I wanted to ask a rather general question (out of curiosity more than looking for advice) about negotiating flaws in someone you've chosen to be your romantic partner. What I mean is, how do you deal with friends or others honestly discussing their opinions of your partner, including perhaps pointing out flaws which you notice yourself? Different than simply confiding your own frustrations to a close friend, I'm wondering how you react when someone else points out minor flaws (no serious "sit down and let me tell you why X is bad news" talks, just "man, sometimes X can be so boring" or "X is annoying when. . .") in your partner.

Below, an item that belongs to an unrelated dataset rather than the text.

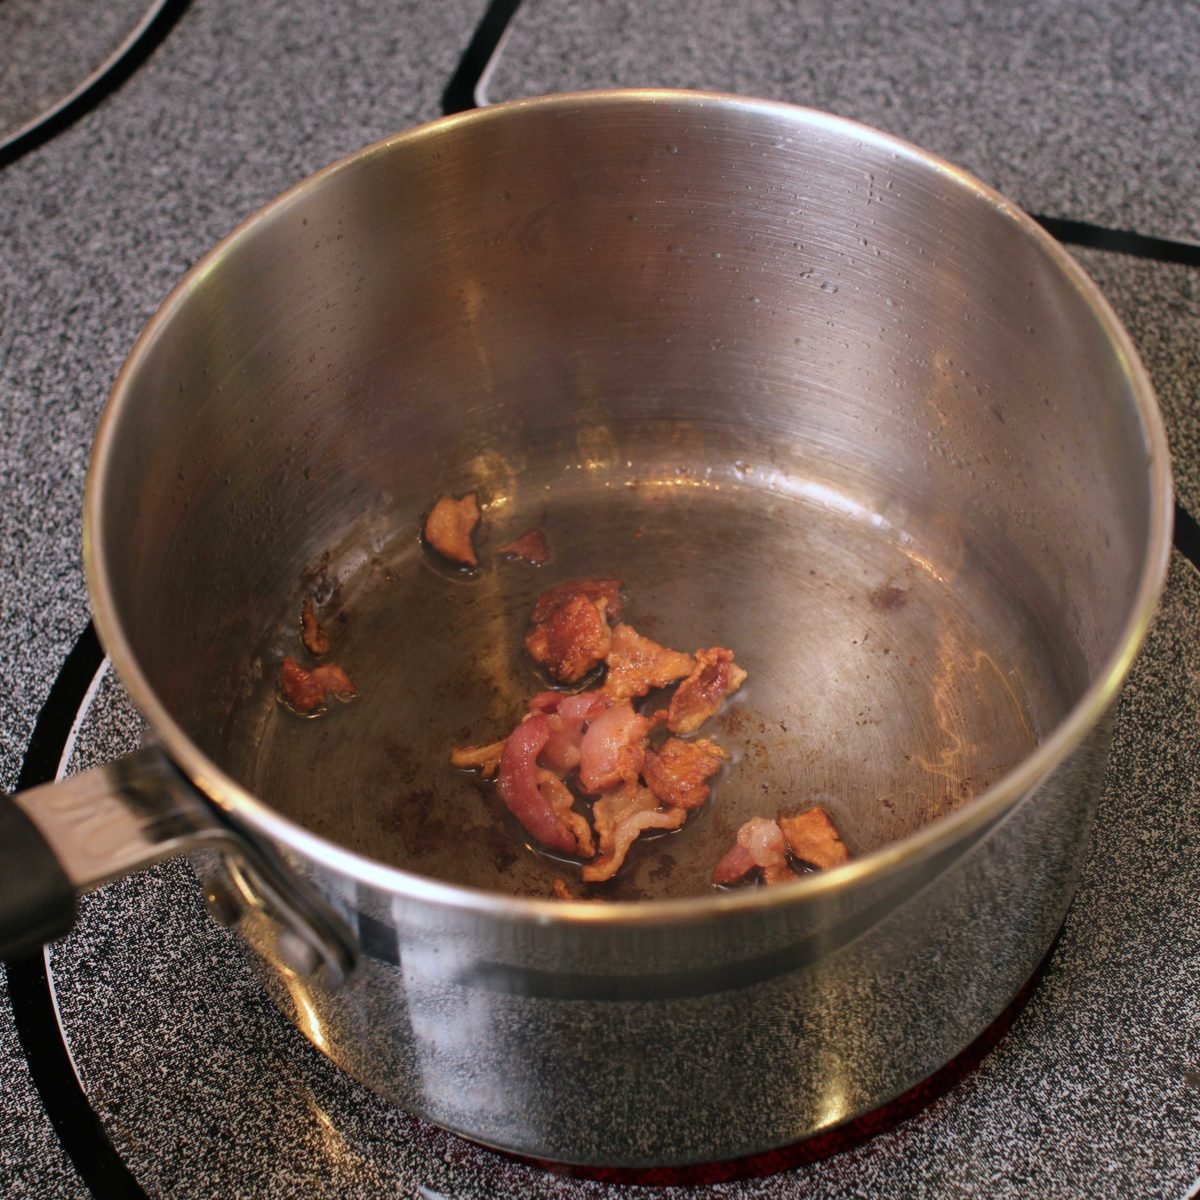 bacon pieces in a silver pot on a stove.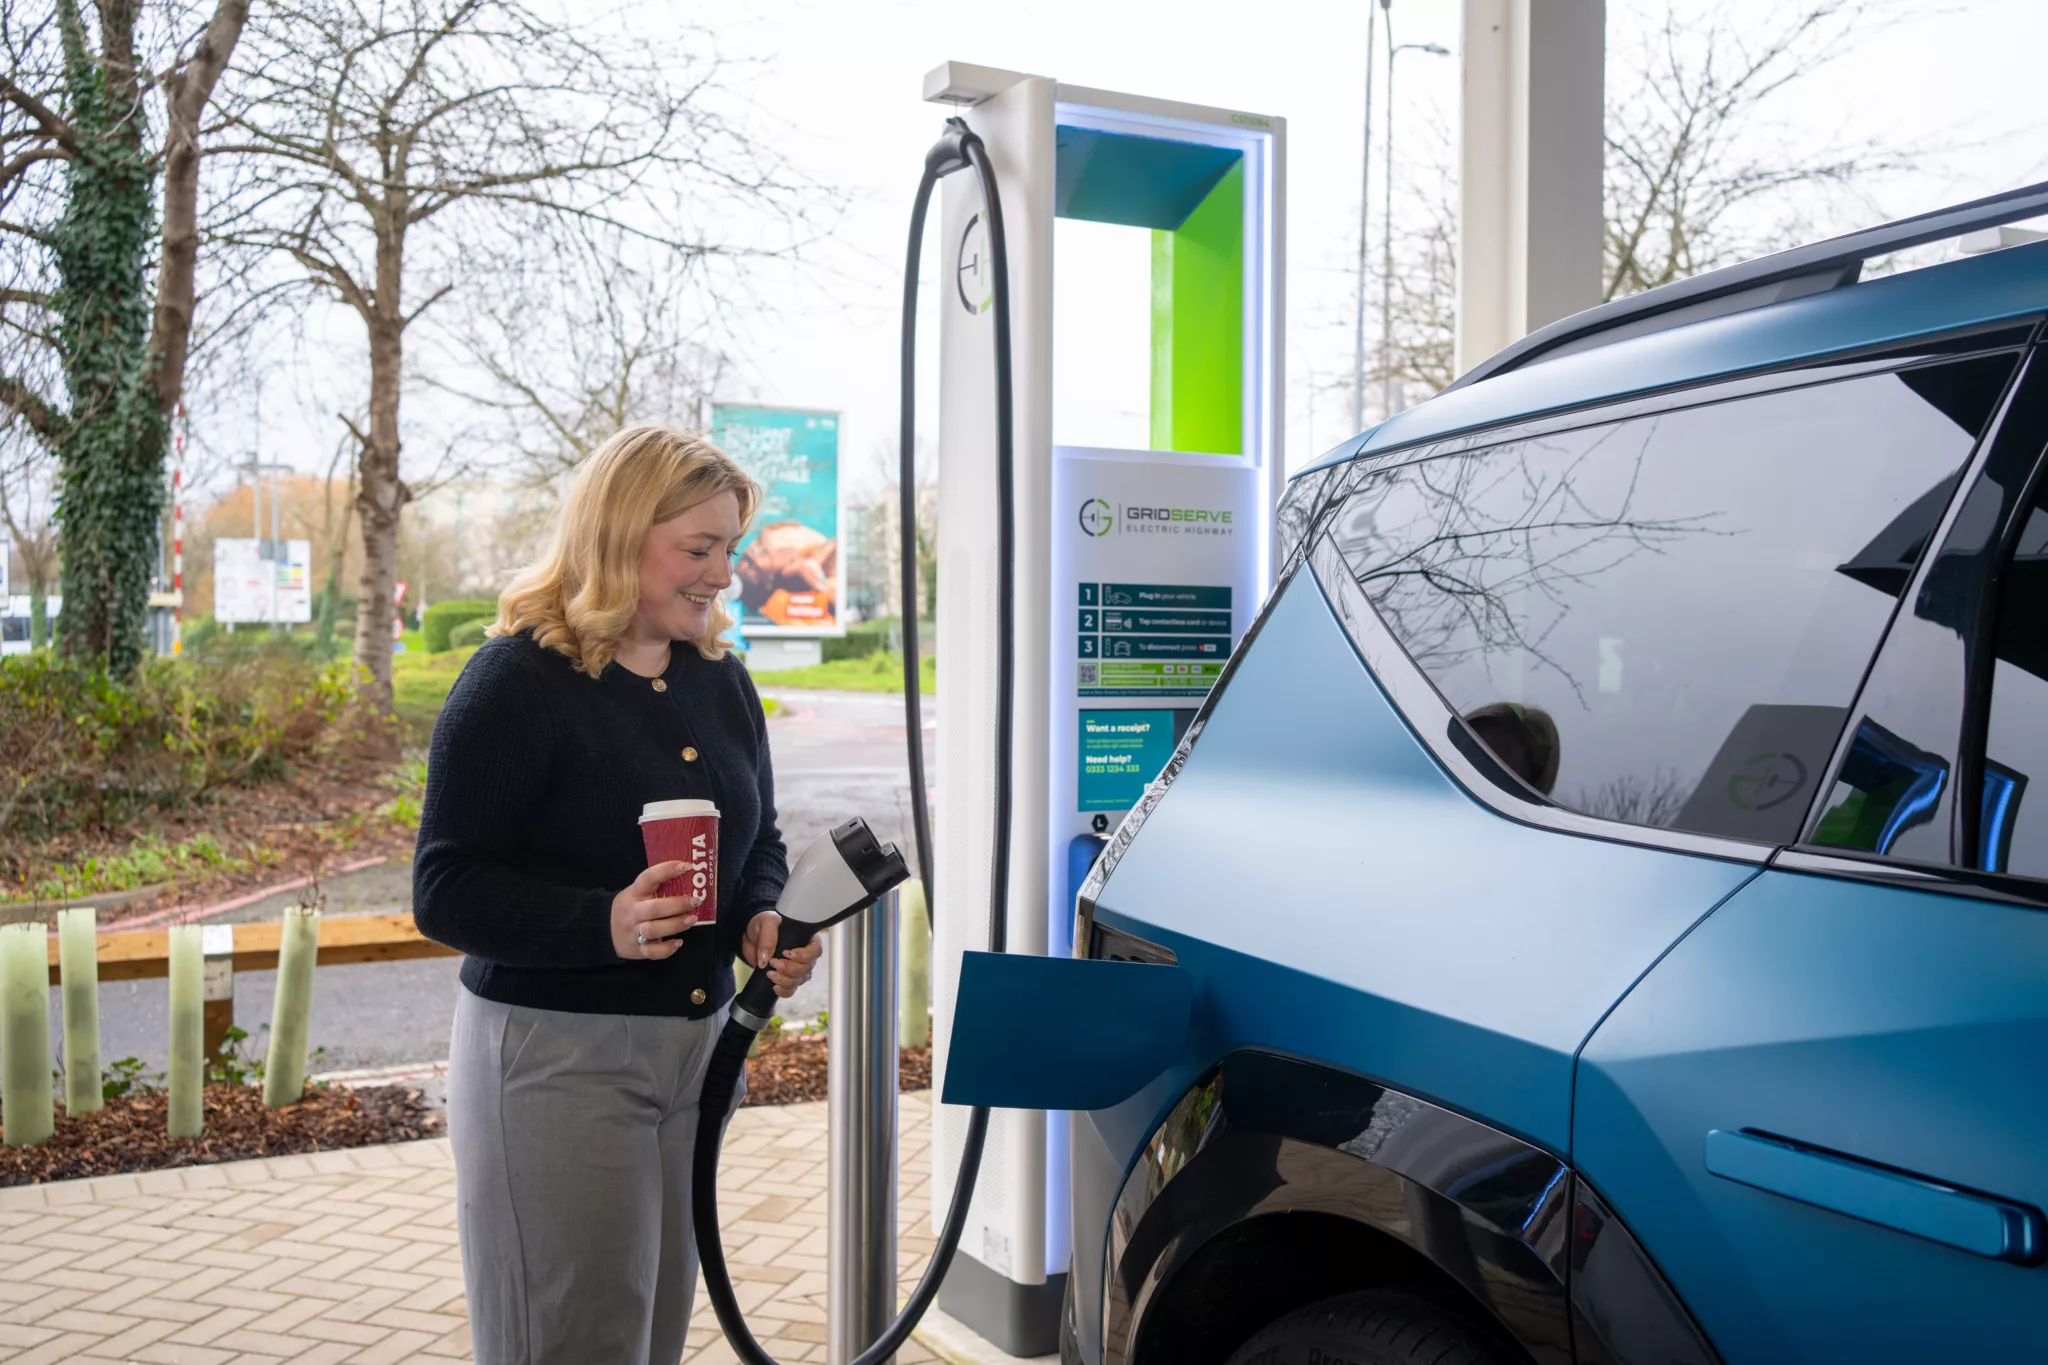 Costa Click & Serve available at GRIDSERVE Electric Forecourt at London Gatwick airport

I've never been in a relationship before, but as someone who is certainly not "blindly in love" with someone who I've long considered a friend and recently became more romantically involved with, I can see flaws in him, and one difficulty is that some people don't know about the non-platonic situation, and approach me in discussing the friend in question. This sometimes includes sighing or complaining about my friend's flaws, which, while minor, can be sometimes socially frustrating. My response so far has been the same as it usually is when these kind of things come up- empathy with the frustration and then trying to point out some good qualities of the person as well- but I wonder how this dynamic changes within a relationship defined as romantic. Do you feel commiserating with a friend's complaints about your partner is "ganging up" on that person?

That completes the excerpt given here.